Public Financial Statements and Private Firm Equity Financing with Brian Baik and Rodrigo Verdi

We study whether the availability of public financial statements by private firms influences the probability of raising venture capital (VC) and private equity (PE) financing. Extant research on this topic is limited and, if anything, suggests that the direction of the relation goes the other way around (i.e., that financial reporting availability/transparency is a consequence of private equity financing). Using two complementary settings with plausibly exogenous differences in financial statement availability, we find that an increase in financial statement availability is associated with an increase in the probability of a private firm obtaining VC/PE financing. Further tests suggest that public financial statements facilitate VC/PE funds’ investments through mitigating costs related to the target search process. Our evidence highlights the importance of public financial statements in the decision making of private investors, an important and under-studied segment of the financing market.

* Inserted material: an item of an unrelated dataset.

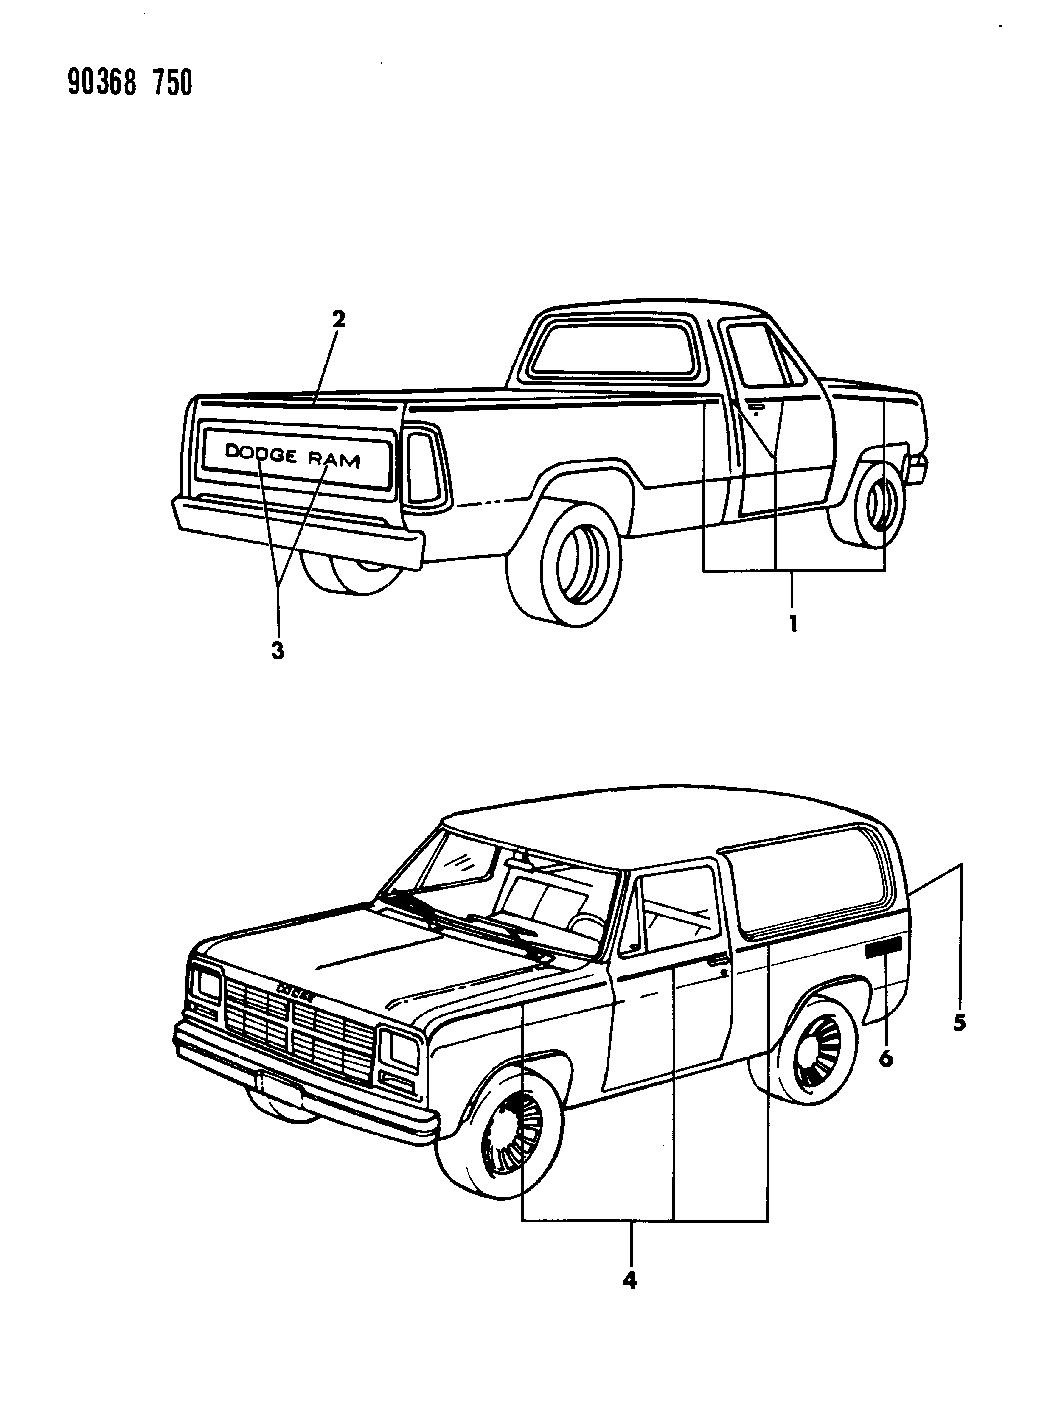 1992 Dodge Ramcharger Tape Stripes & Decals - Mopar Parts Giant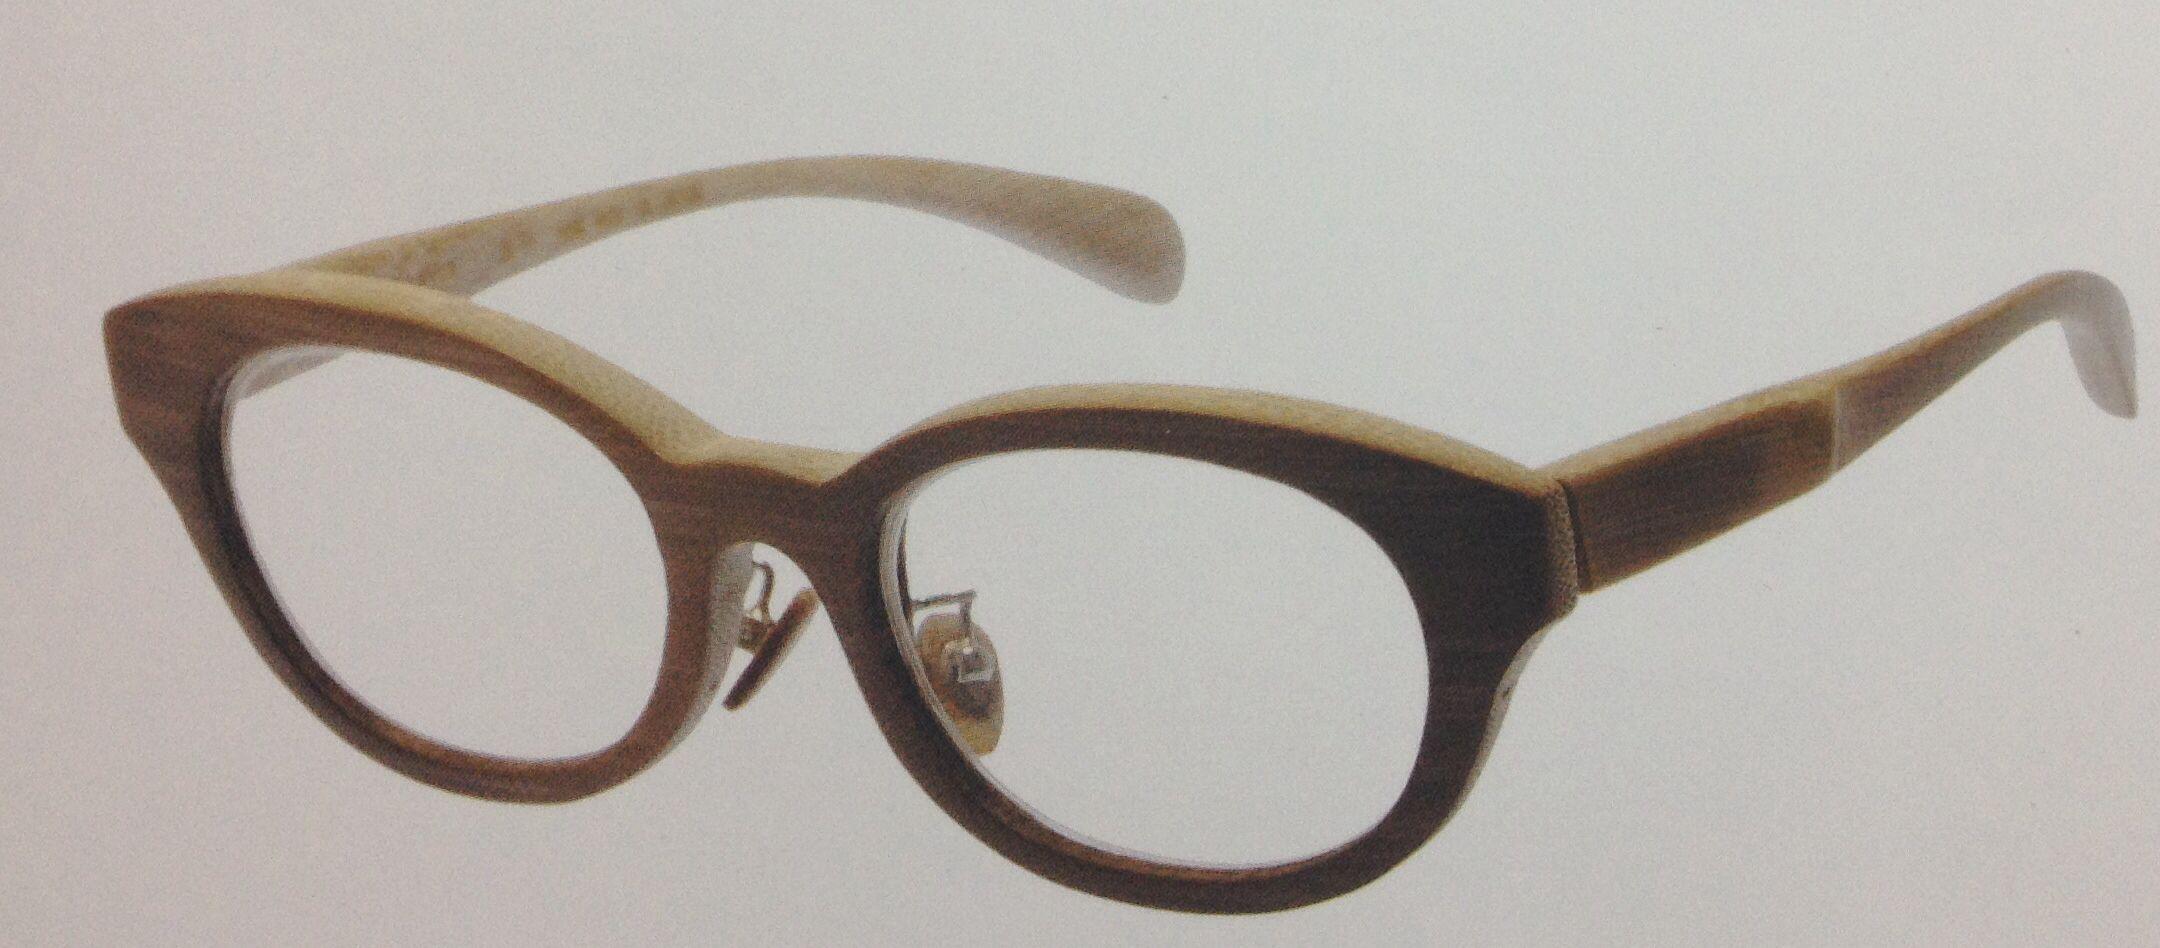 Eyeglass Frames From Japan : glasses from japan eyewear Pinterest

Do you have to adopt to adopt? Evidence on IFRS spillovers in conglomerates with Nemit Shroff and Rodrigo Verdi

We study the impact of a parent firm’s IFRS adoption on the accounting properties of their private non-IFRS-adopting European subsidiaries. In contrast to public European firms, private European firms are typically not required to adopt IFRS. We examine the private subsidiaries that do not adopt IFRS even though their parents do, and find spillover effects on the accounting properties of non-adopting subsidiaries as a result of parental adoption. Specifically, private subsidiaries engage in less earnings management after their parents adopt IFRS, which based on prior evidence on IFRS reporting we interpret as the subsidiary’s earnings becoming more IFRS-like. These effects are stronger for subsidiaries whose parents have a larger ownership stake, and for subsidiaries that are located in a different country than their parent. These spillover effects may have important contracting consequences that require further.